* _ABOUT THIS EXERCISE_
Word for word, repeat the data that follows. Do not include the pictures.

* _GIVEN MATERIAL_
****
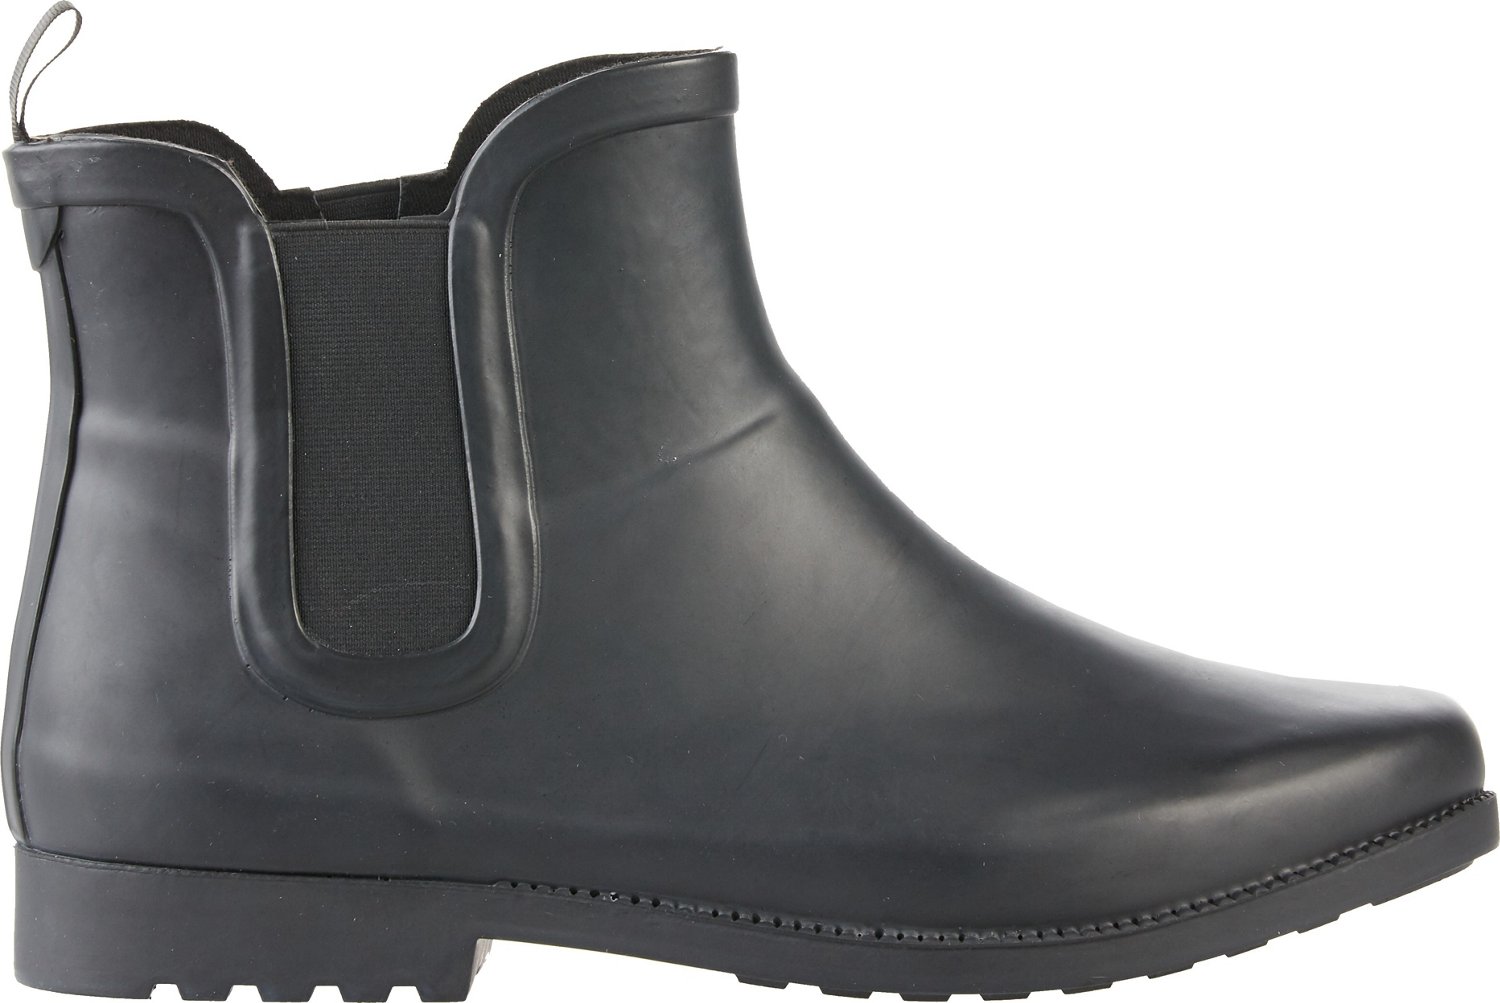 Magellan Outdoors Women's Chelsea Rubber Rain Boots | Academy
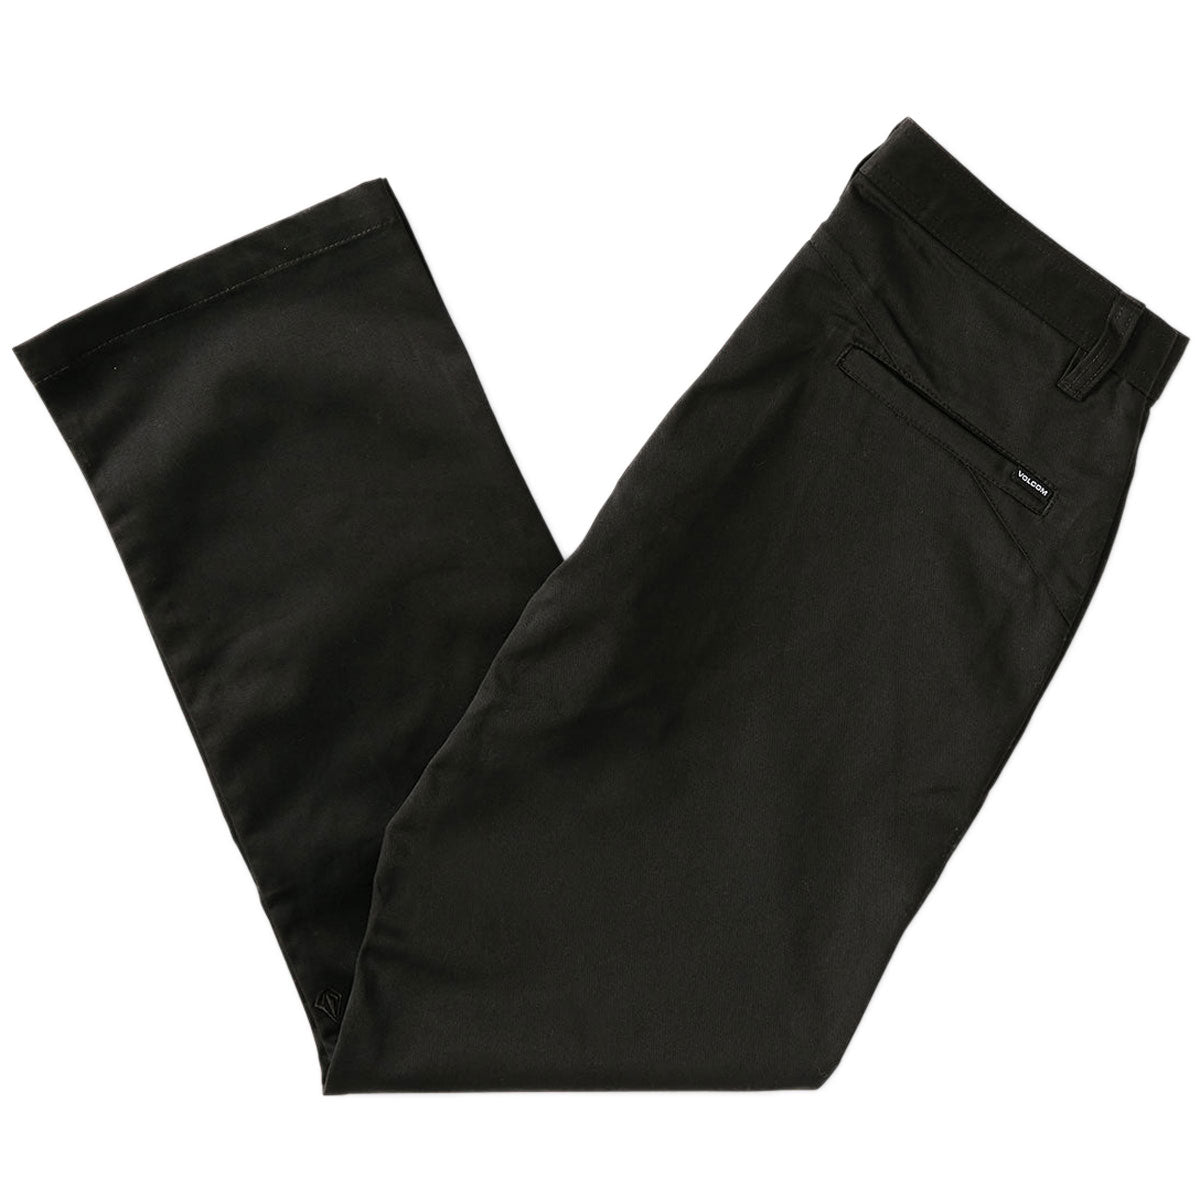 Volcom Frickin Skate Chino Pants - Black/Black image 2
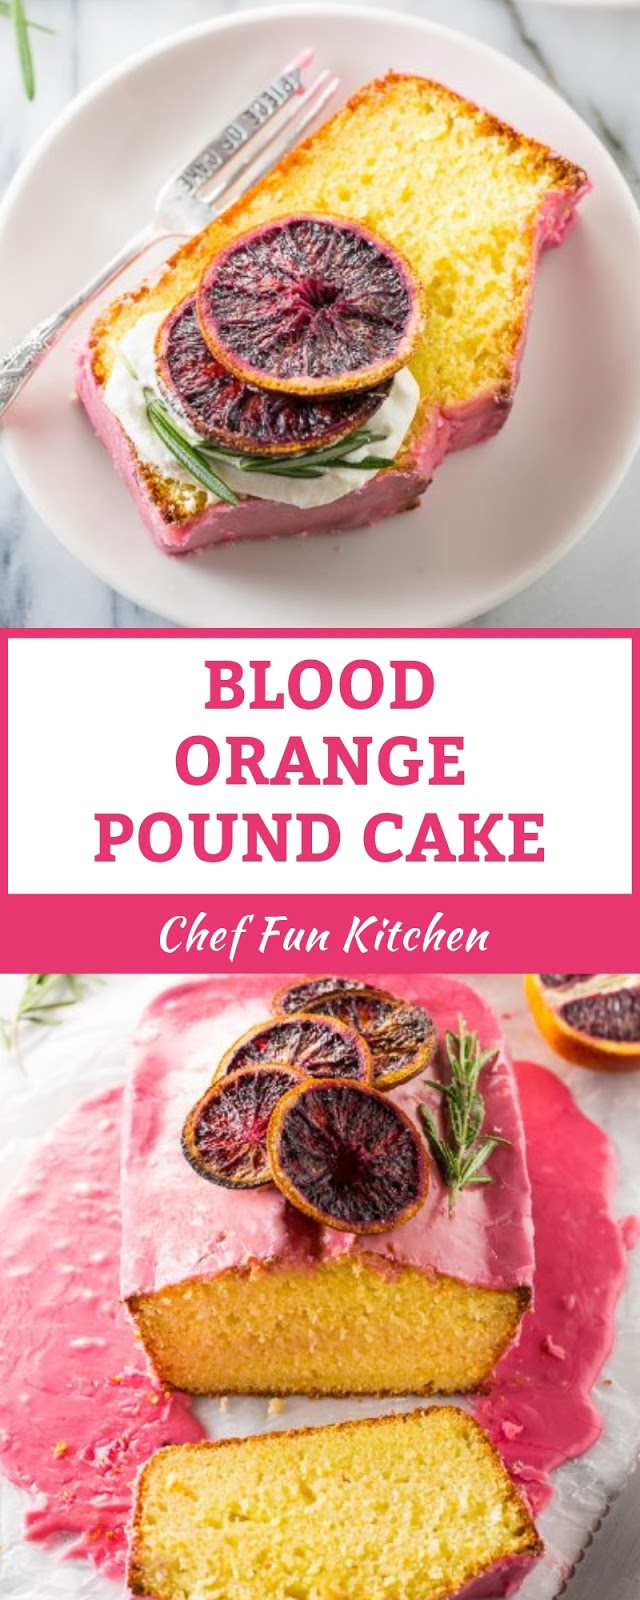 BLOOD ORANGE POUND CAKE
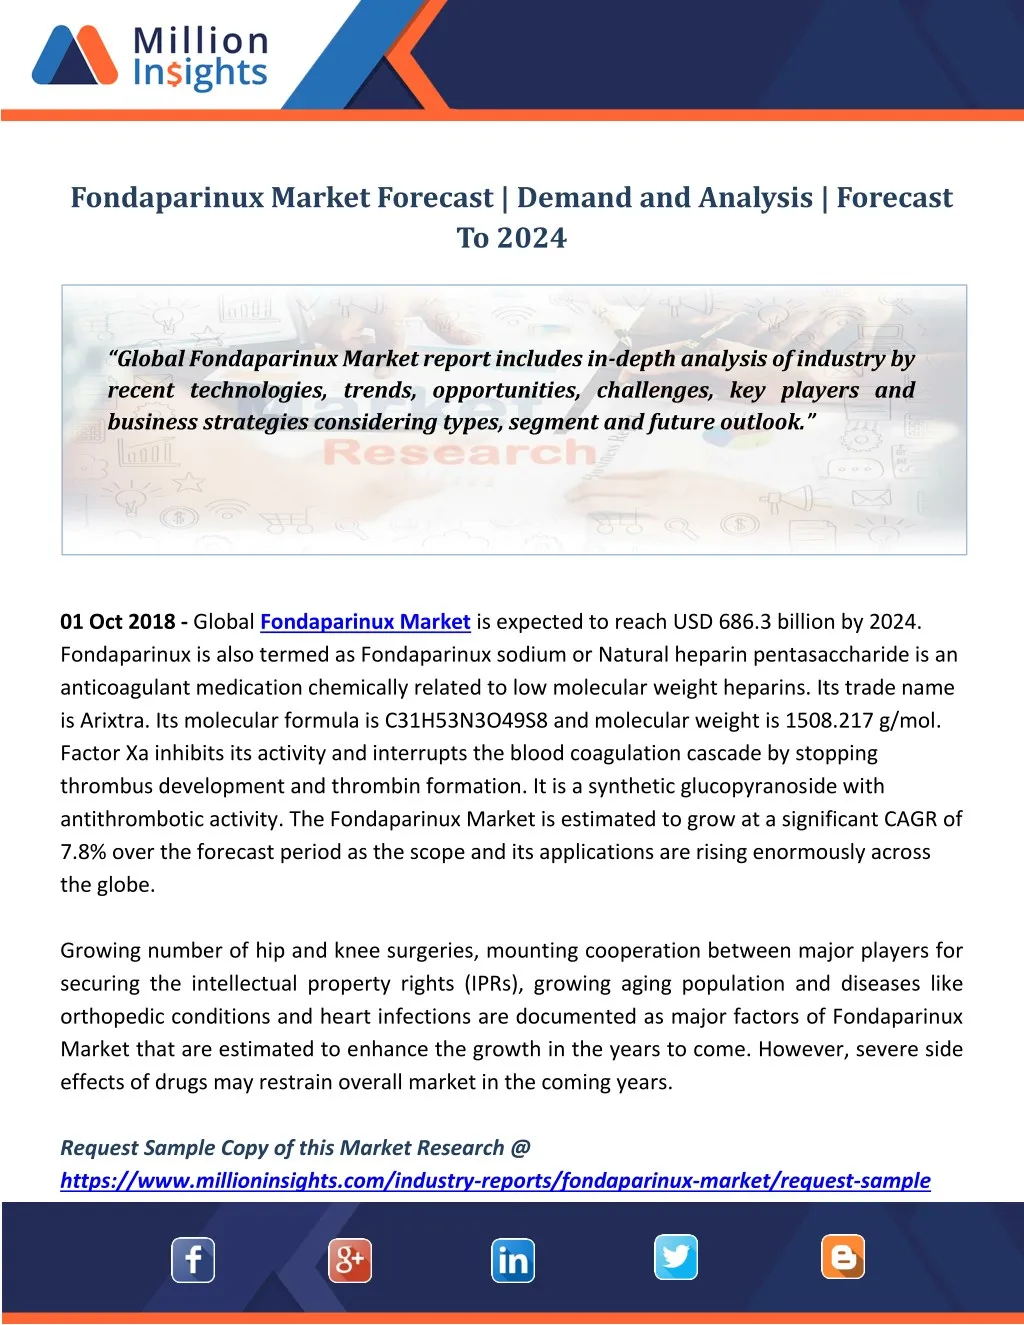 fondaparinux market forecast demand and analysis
****
* _EXERCISE ANSWER_
 Magellan Outdoors Women's Chelsea Rubber Rain Boots | Academy
 Volcom Frickin Skate Chino Pants - Black/Black image 2
 BLOOD ORANGE POUND CAKE
 fondaparinux market forecast demand and analysis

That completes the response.